_Provided entries_

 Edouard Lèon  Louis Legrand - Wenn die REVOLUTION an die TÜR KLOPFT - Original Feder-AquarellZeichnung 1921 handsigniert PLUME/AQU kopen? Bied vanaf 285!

==

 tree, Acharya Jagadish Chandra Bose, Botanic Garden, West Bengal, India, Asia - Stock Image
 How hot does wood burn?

---

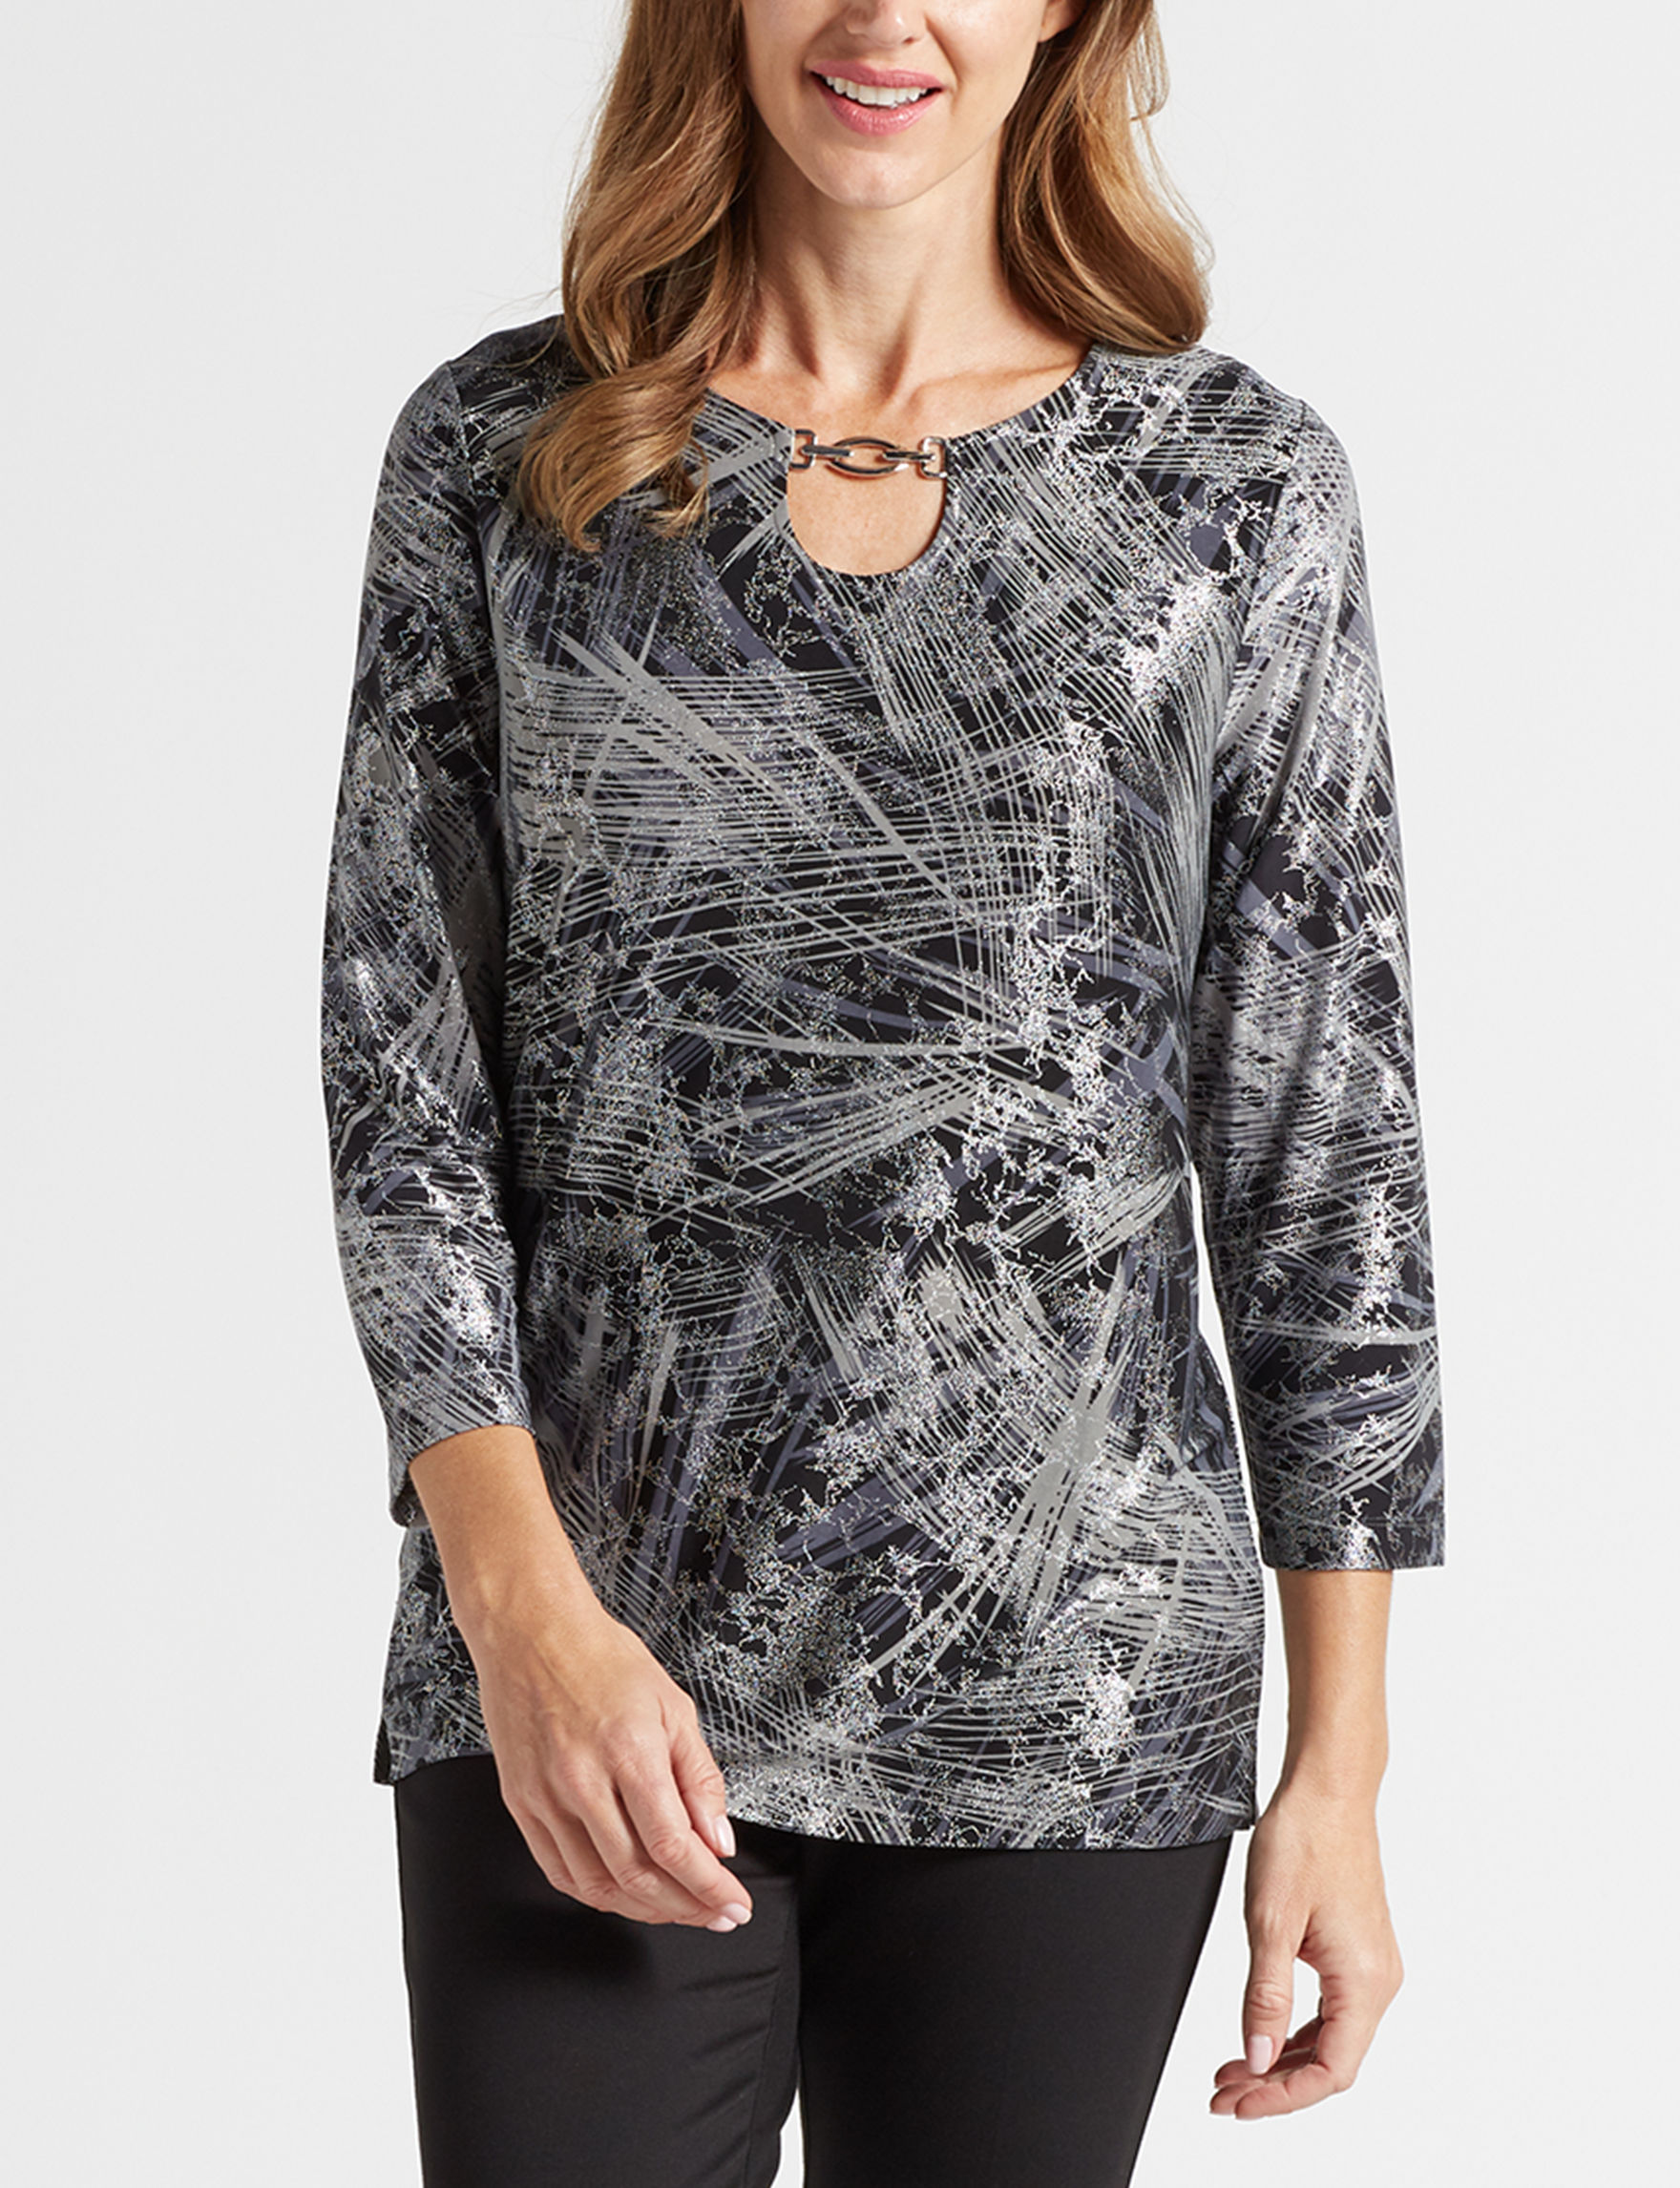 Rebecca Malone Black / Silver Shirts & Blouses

_Work item_
When you reach the line with "tree, Acharya Jagadish" in the records above, start writing out lines exactly, and stop once the line with "How hot does wood burn?" has been written; include nothing else.

_Exercise solution_
 tree, Acharya Jagadish Chandra Bose, Botanic Garden, West Bengal, India, Asia - Stock Image
 How hot does wood burn?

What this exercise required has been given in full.